[Assignment]:
I'd like the data beneath this line reproduced exactly, without any of its images.

[Information supplied]:
****

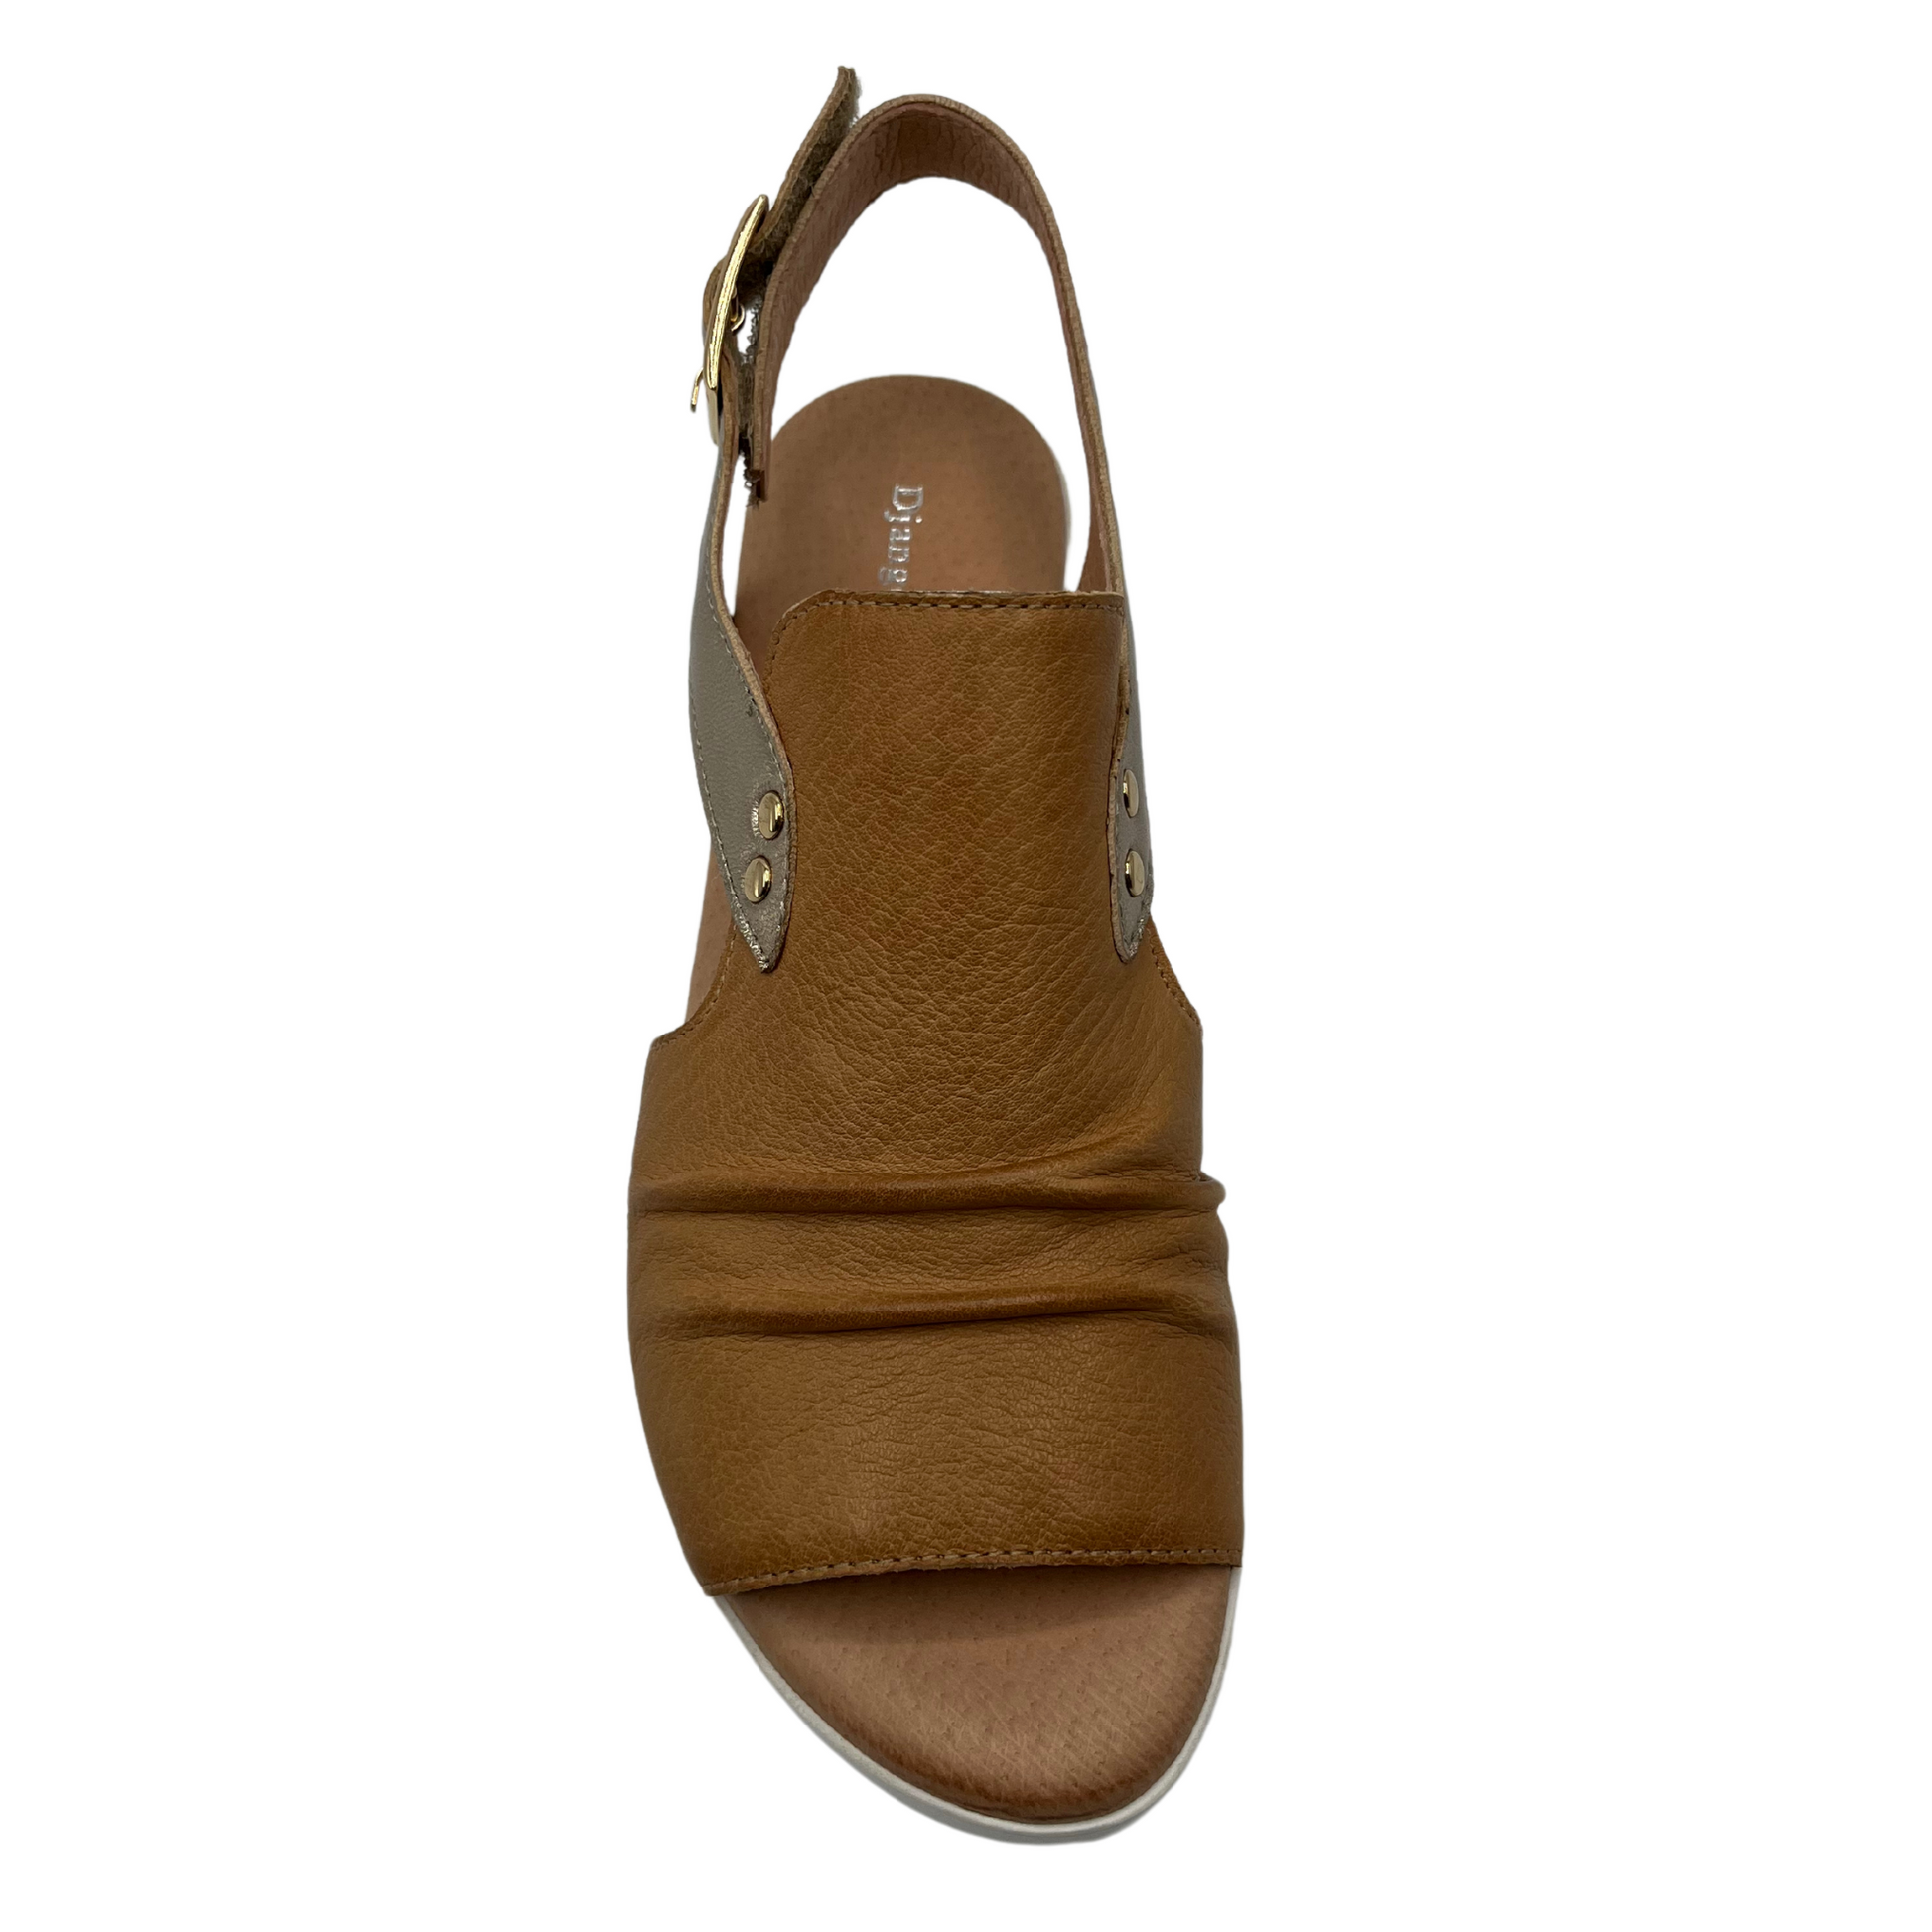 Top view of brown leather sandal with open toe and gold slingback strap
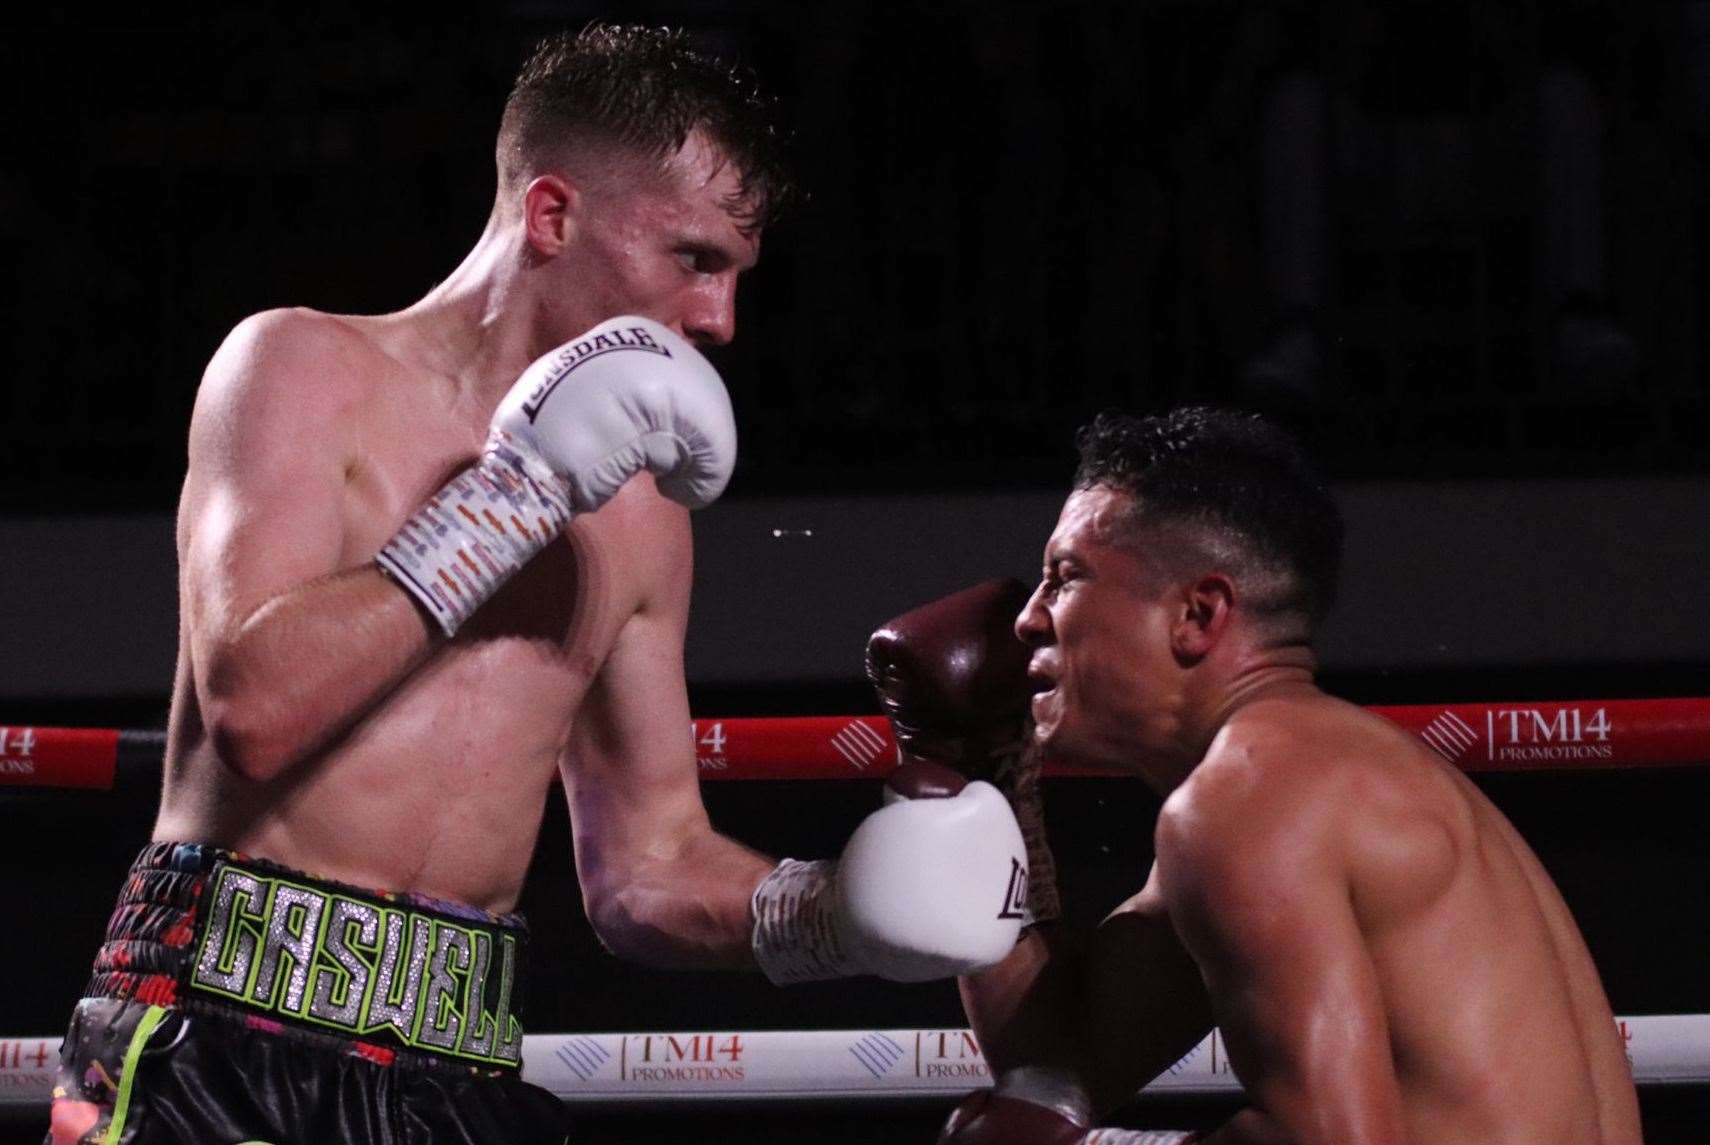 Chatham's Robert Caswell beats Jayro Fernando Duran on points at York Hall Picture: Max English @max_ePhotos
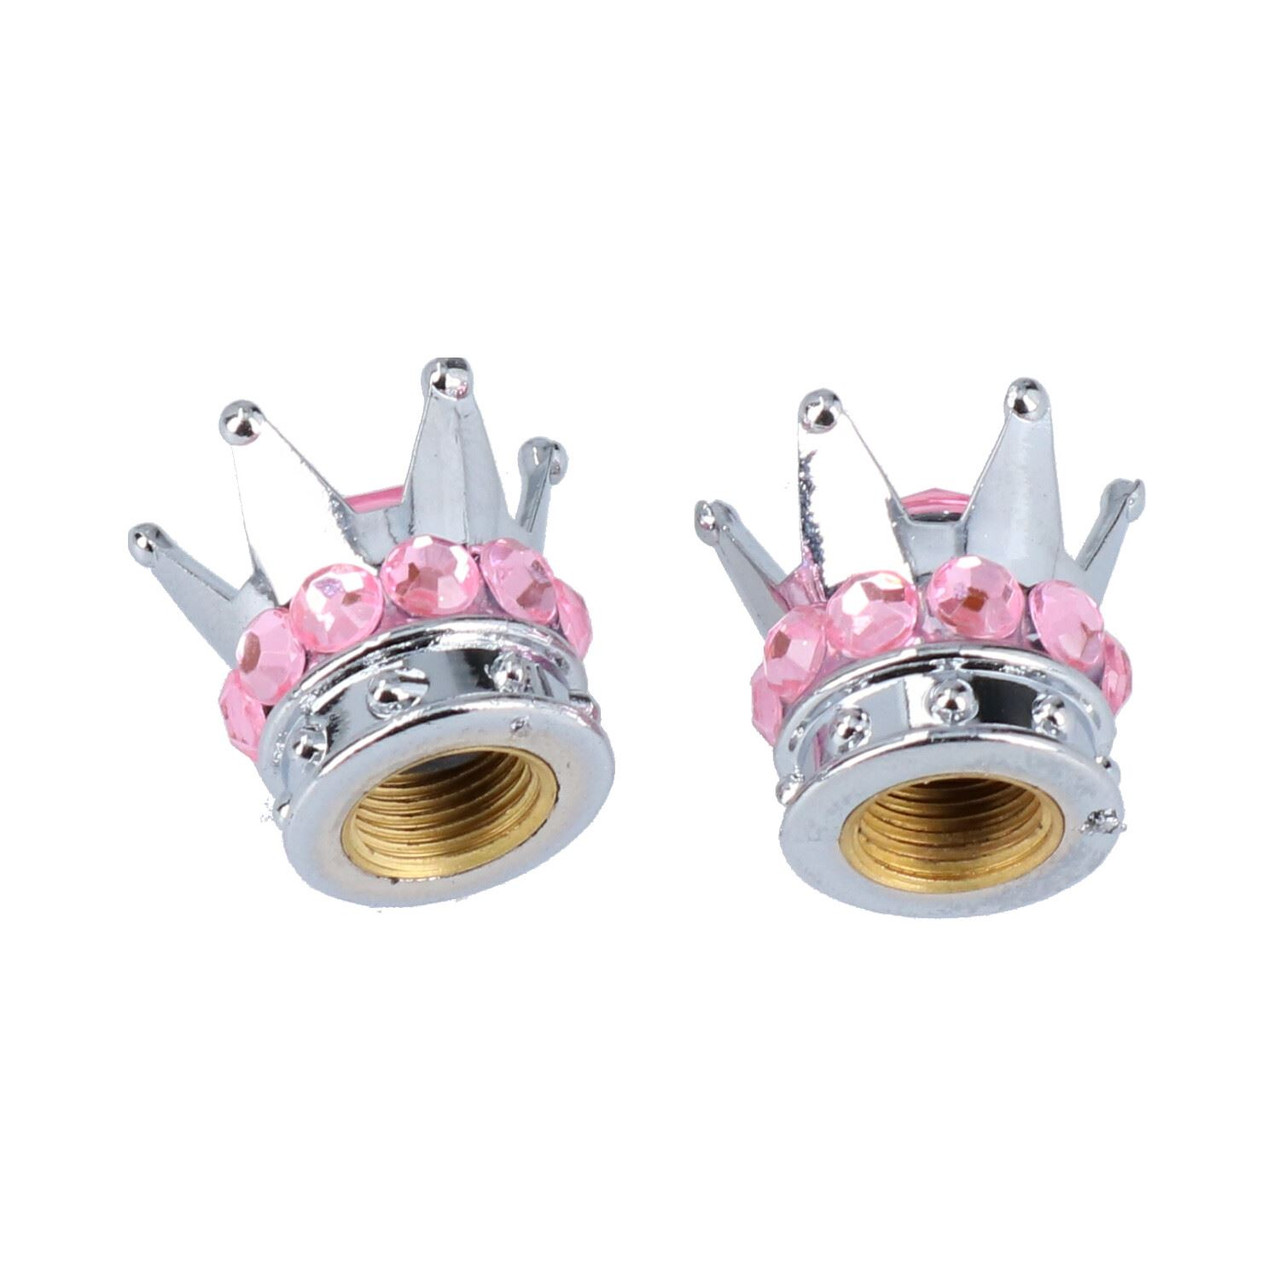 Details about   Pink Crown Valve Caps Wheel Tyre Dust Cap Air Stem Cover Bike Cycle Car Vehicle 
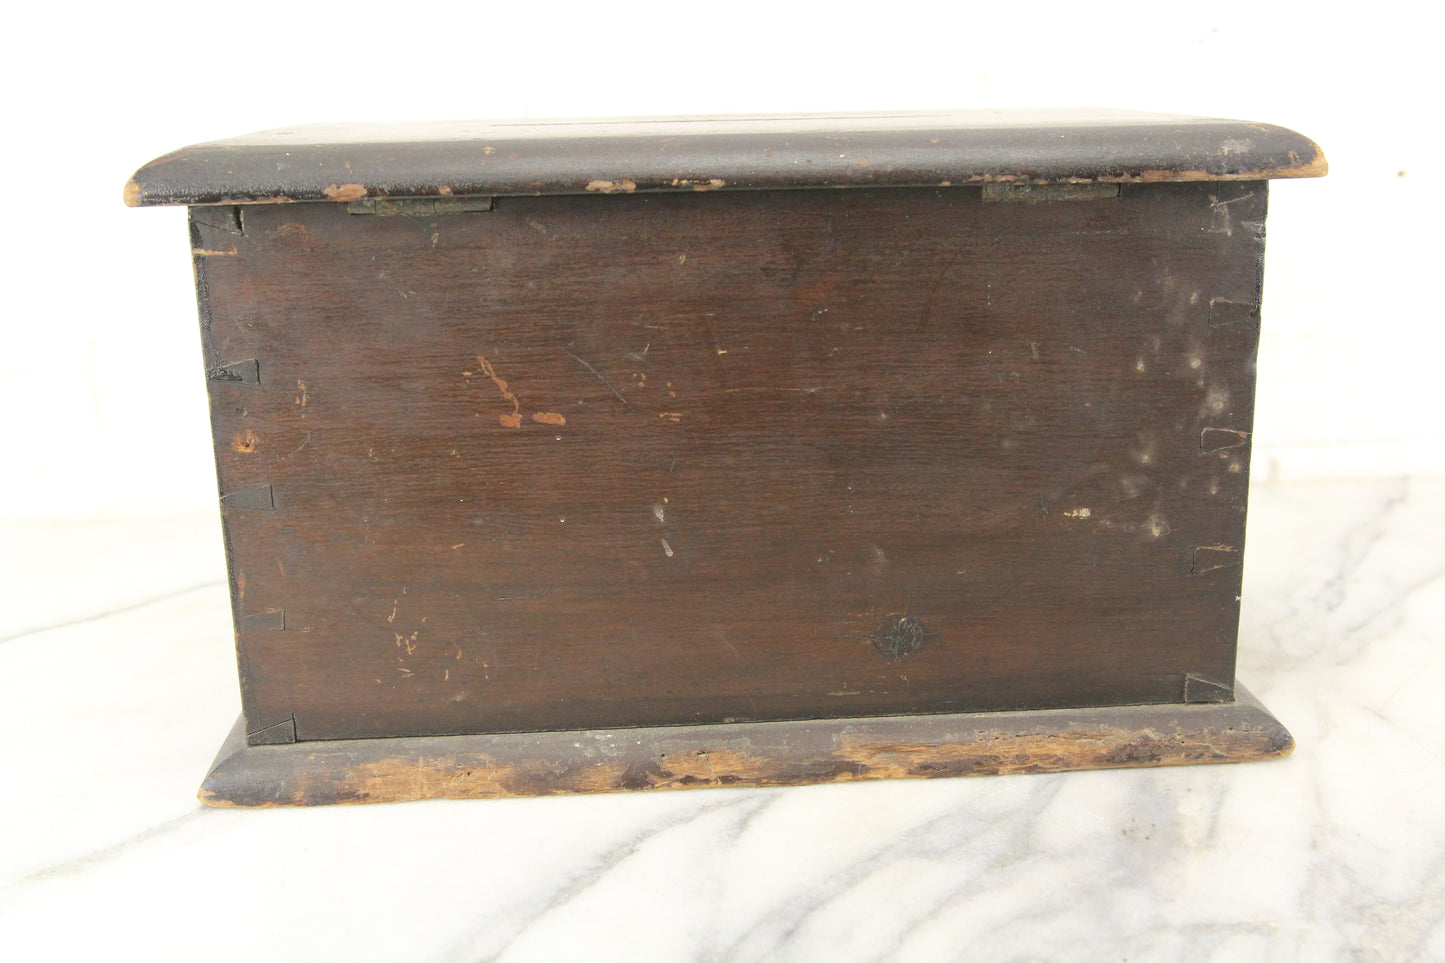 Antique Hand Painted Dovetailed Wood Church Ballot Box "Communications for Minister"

****

[Task solution]:
 Top view of brown leather sandal with open toe and gold slingback strap
 Chatham's Robert Caswell beats Jayro Fernando Duran on points at York Hall Picture: Max English @max_ePhotos
 Details about   Pink Crown Valve Caps Wheel Tyre Dust Cap Air Stem Cover Bike Cycle Car Vehicle 
 Antique Hand Painted Dovetailed Wood Church Ballot Box "Communications for Minister"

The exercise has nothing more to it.